The basic unit of computation in a neural network is the neuron, often called a node or unit. It receives input from some other nodes, or from an external source and computes an output. Each input has an associated weight (w), which is assigned on the basis of its relative importance to other inputs. The node applies a function (defined below) to the weighted sum of its inputs as shown in Figure 1 below:

Screen Shot 2016-08-09 at 3.42.21 AM.png

Figure 1: a single neuron

The above network takes numerical inputs X1 and X2 and has weights w1 and w2 associated with those inputs. Additionally, there is another input 1 with weight b (called the Bias) associated with it. We will learn more details about role of the bias later.

The output Y from the neuron is computed as shown in the Figure 1. The function is non-linear and is called the Activation Function. The purpose of the activation function is to introduce non-linearity into the output of a neuron. This is important because most real world data is non linear and we want neurons to learn these non linear representations.

Every activation function (or non-linearity) takes a single number and performs a certain fixed mathematical operation on it [2]. There are several activation functions you may encounter in practice:

  • Sigmoid: takes a real-valued input and squashes it to range between 0 and 1

σ(x) = 1 / (1 + exp(−x))

  • tanh: takes a real-valued input and squashes it to the range [-1, 1]

tanh(x) = 2σ(2x) − 1

  • ReLU: ReLU stands for Rectified Linear Unit.

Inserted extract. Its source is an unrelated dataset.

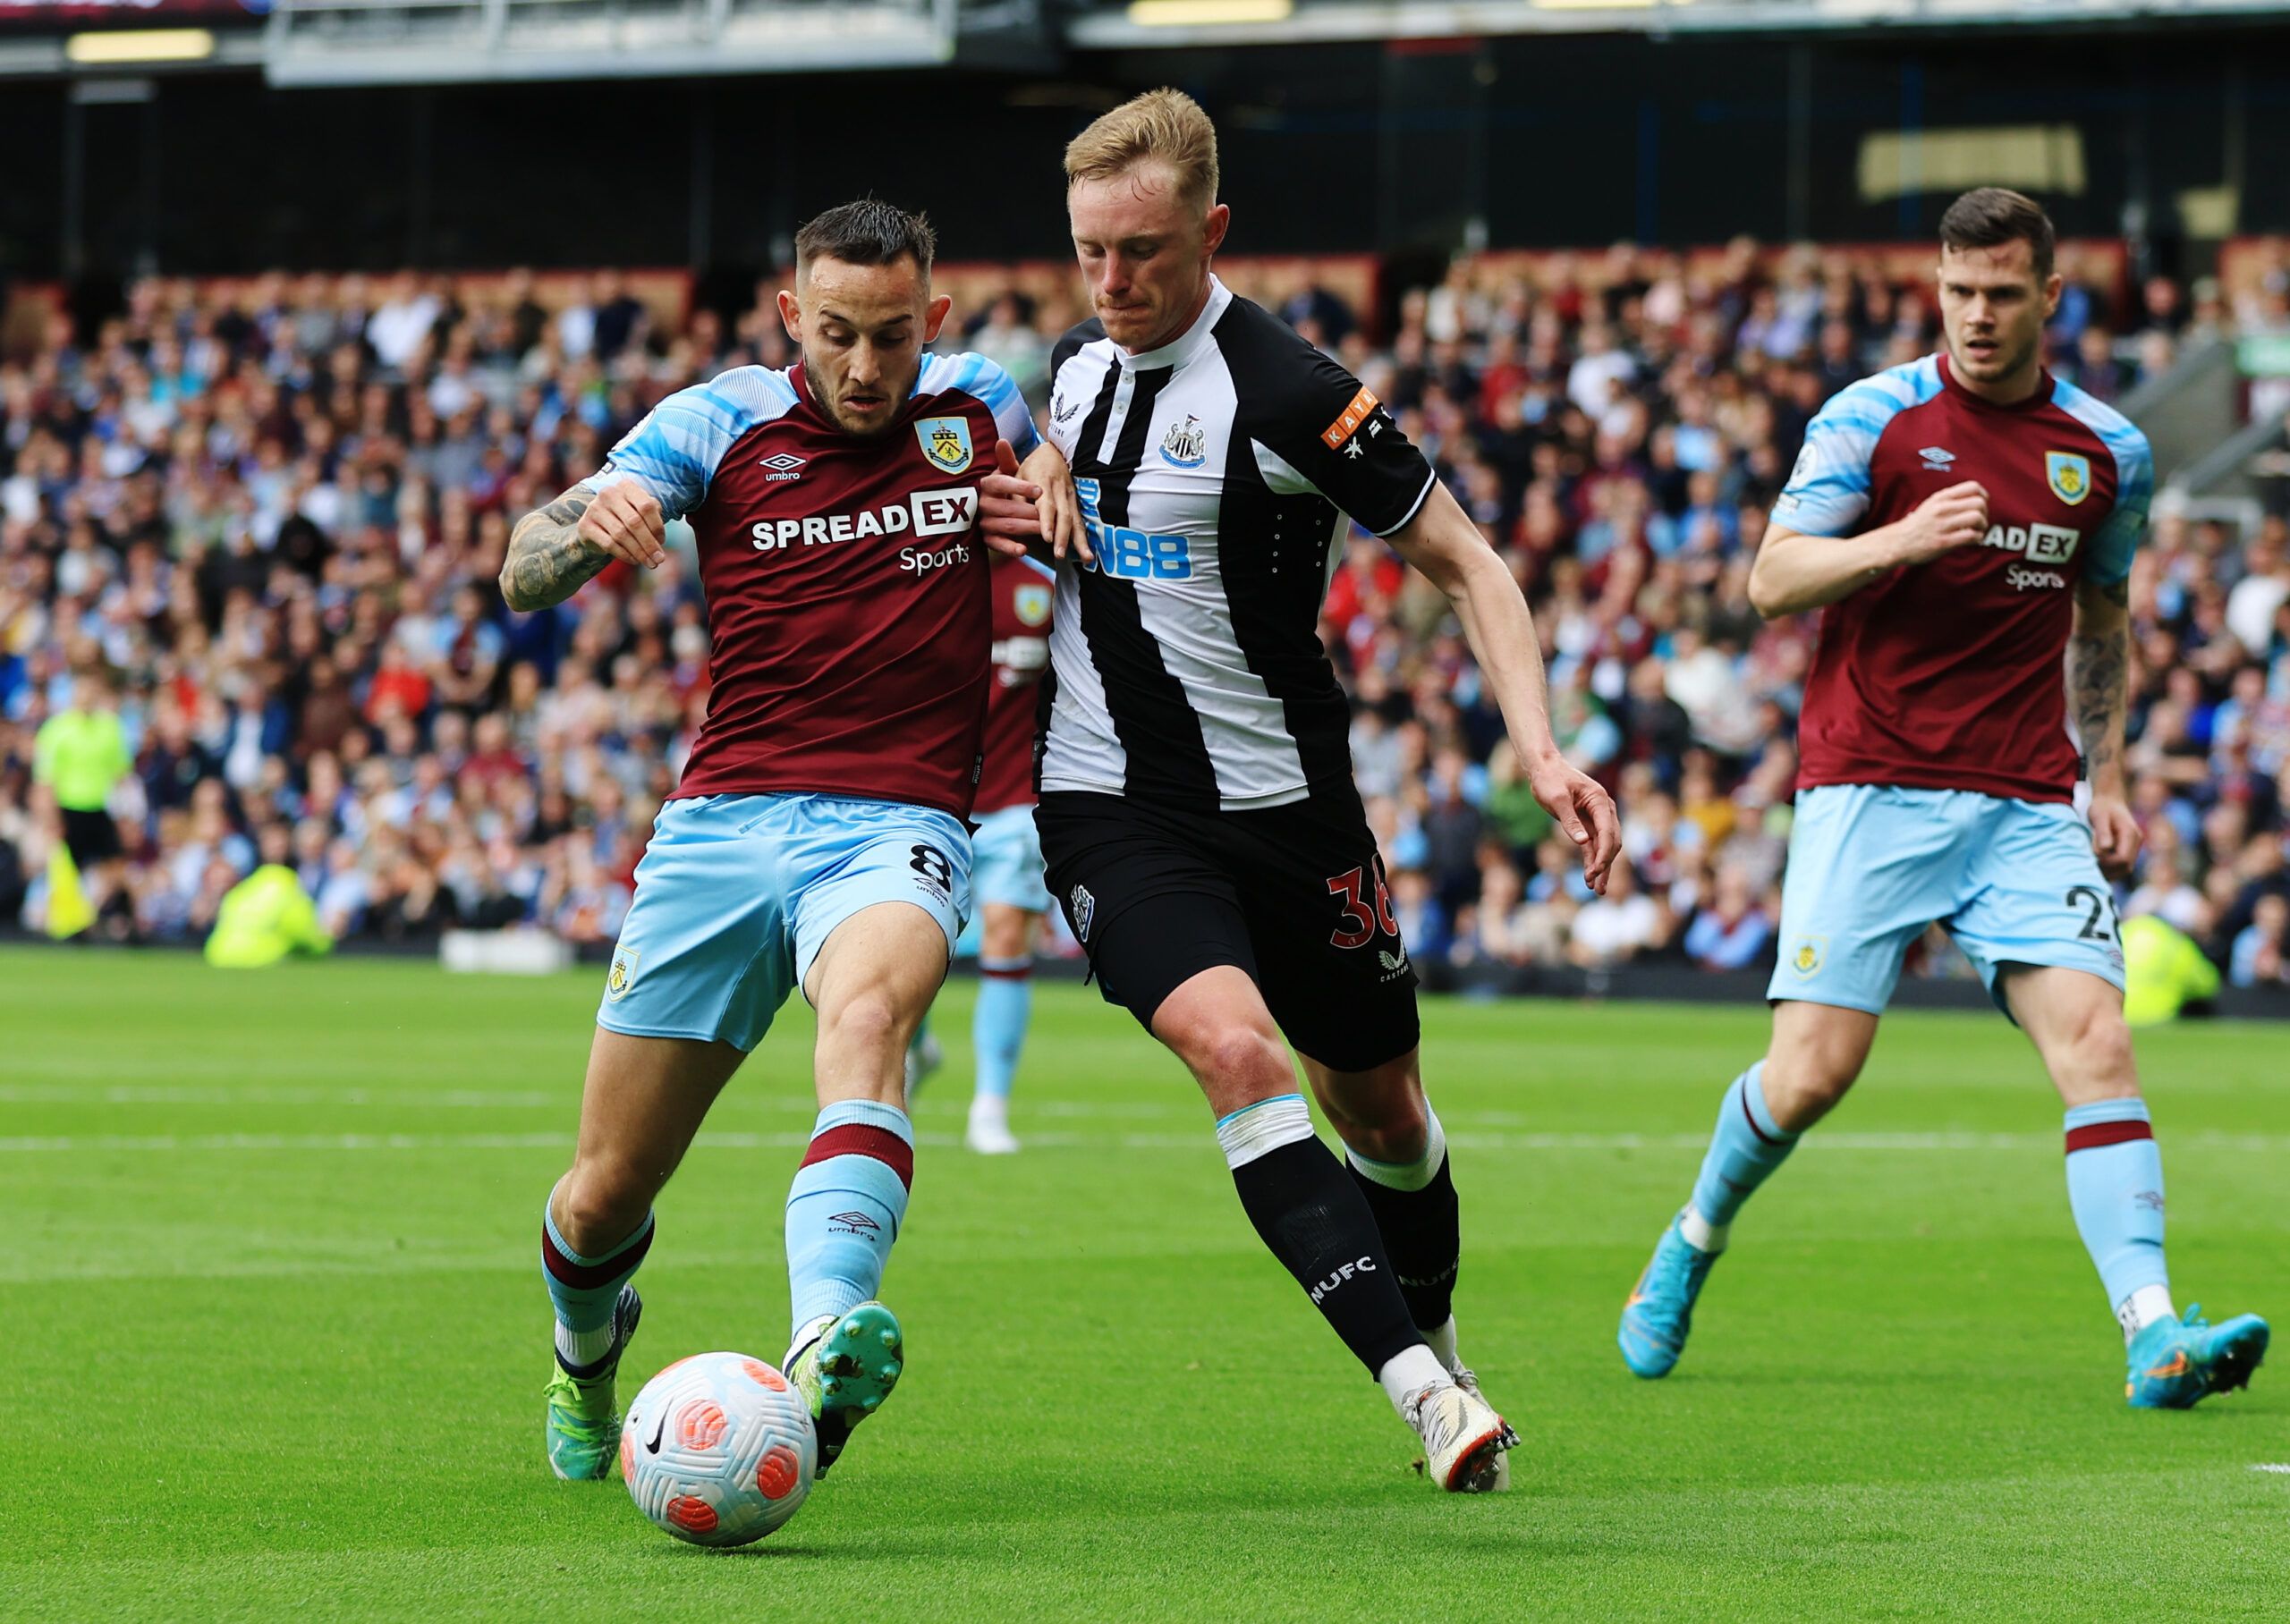 Soccer Football - Premier League - Burnley v Newcastle United - Turf Moor, Burnley, Britain - May 22, 2022 Burnley's Josh Brownhill in action with Newcastle United's Sean Longstaff Action Images via Reuters/Lee Smith EDITORIAL USE ONLY. No use with unauthorized audio, video, data, fixture lists, club/league logos or 'live' services. Online in-match use limited to 75 images, no video emulation. No use in betting, games or single club /league/player publications.  Please contact your account repre

It takes a real-valued input and thresholds it at zero (replaces negative values with zero)

f(x) = max(0, x)

The below figures [2]  show each of the above activation functions.

Screen Shot 2016-08-08 at 11.53.41 AMFigure 2: different activation functions

Importance of Bias: The main function of Bias is to provide every node with a trainable constant value (in addition to the normal inputs that the node receives). See this link to learn more about the role of bias in a neuron.

Feedforward Neural Network

The feedforward neural network was the first and simplest type of artificial neural network devised [3]. It contains multiple neurons (nodes) arranged in layers. Nodes from adjacent layers have connections or edges between them. All these connections have weights associated with them.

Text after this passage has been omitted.